# Supper



## Paymaster (Jan 9, 2012)

My Dad passed away Monday and it has been a long,trying and emotional week. It was nice to just finally relax and have a nice meal at home.








Save​


----------



## fla_scout (Sep 28, 2007)

Sorry for your loss Paymaster. I have a feeling your dads mouth watered a little when he looked down and saw that plate of food.


----------



## Mac1528 (Mar 24, 2012)

Sorry to hear about your loss PM. Prayers being lifted for you and your family. I know he enjoyed some of those fantistic meals that you've posted on hear. Those will be your memories forever and no one can take those away. 

Sent from my SAMSUNG-SM-G530AZ using Tapatalk


----------



## smooth move (Sep 25, 2012)

prayers for your family.


----------



## Paymaster (Jan 9, 2012)

Thank you all very much.


----------



## 706Z (Mar 30, 2011)

Sorry for your loss. 


Sent from my iPhone using Tapatalk


----------



## ChileRelleno (Jul 7, 2012)

Wow, sorry to hear that.
I remember all too well losing mine.

Great plate of food, double surf and the tater counts as turf.


----------



## John B. (Oct 2, 2007)

Sorry to hear that. My dad passed away 11 years ago this week. It's never easy but it will get better. Remember the fun times!

Sent from my SM-G900V using Tapatalk


----------



## Flounder Hounder (Nov 9, 2008)

Paymaster, Sorry to hear about your Dad.

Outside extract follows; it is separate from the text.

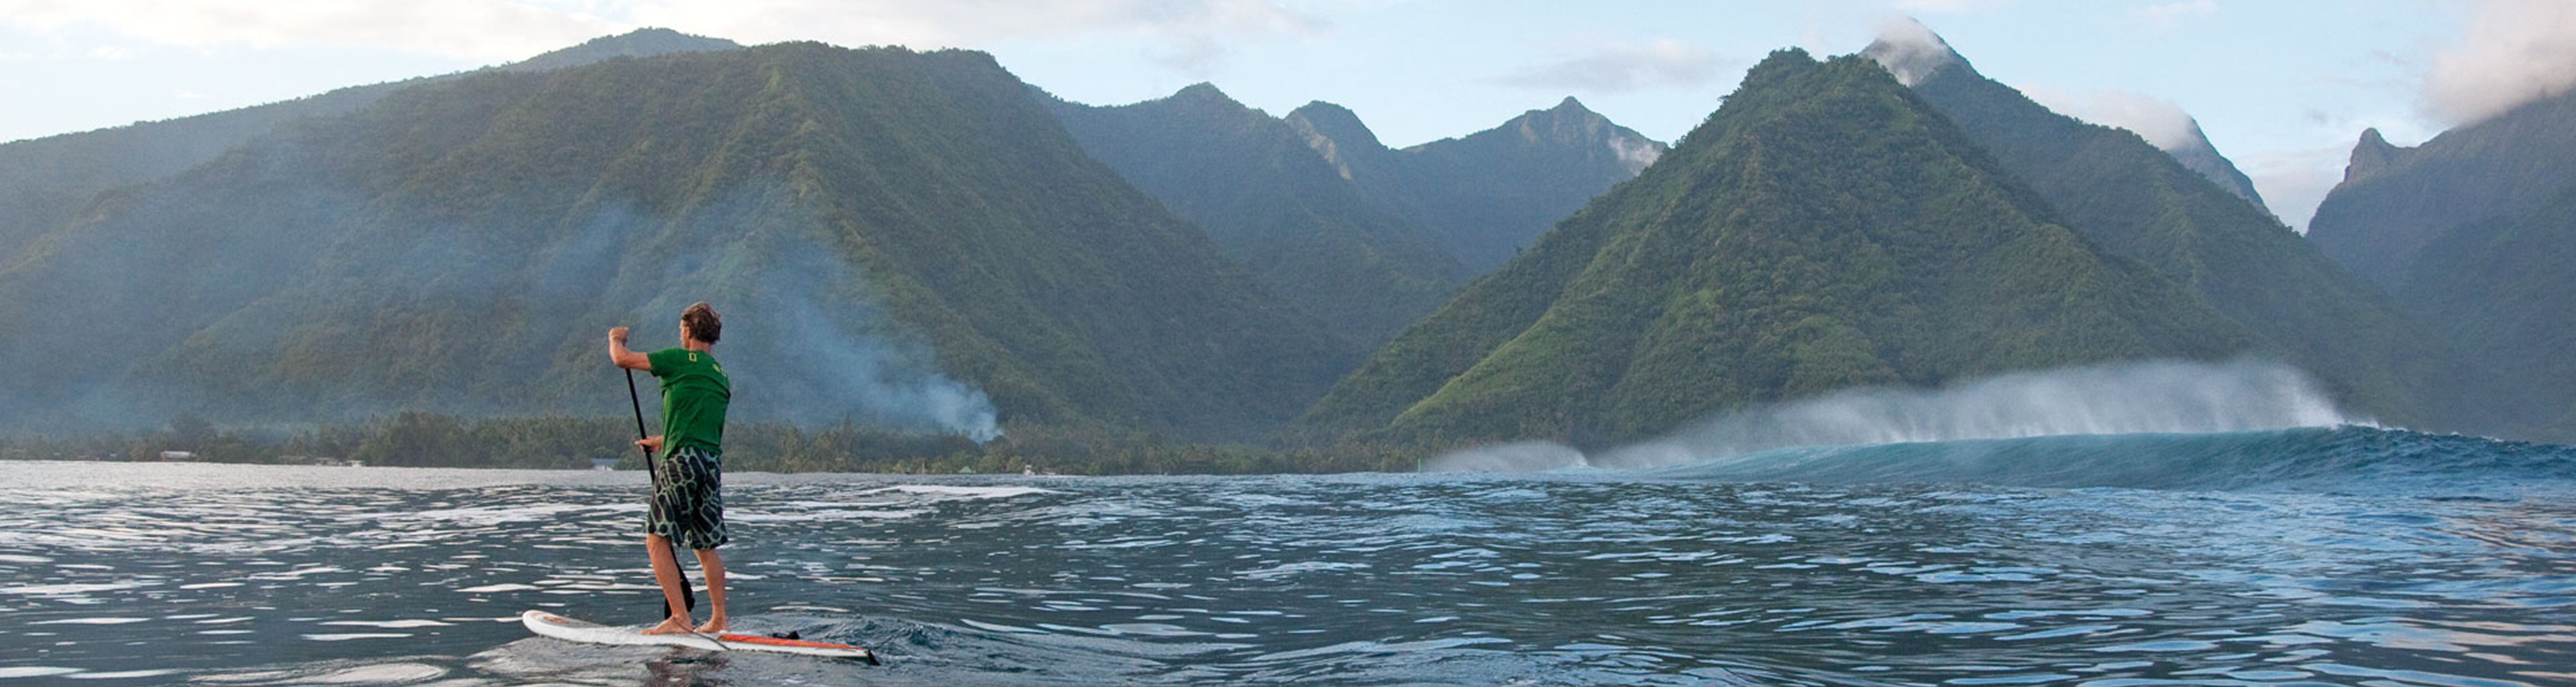 Aufblasbares Surfbrett beim Wellenreiten

Prayers sent your way.

Thank you for all of your always excellent posts.


----------



## Paymaster (Jan 9, 2012)

Thank you all.


----------



## GROUPERKING (Sep 28, 2011)

Sorry about your dad brother.


----------



## Try'n Hard (Oct 23, 2008)

Sorry about your dad. I'm sure it'll get easier


----------



## Smarty (Nov 23, 2008)

Very sorry to hear about the passing of your Father. By all of your family oriented posts he did a great job raising you. Thanks for all of your contributions here and please keep them coming.


----------



## Paymaster (Jan 9, 2012)

Thank you all. You all are a great bunch!


----------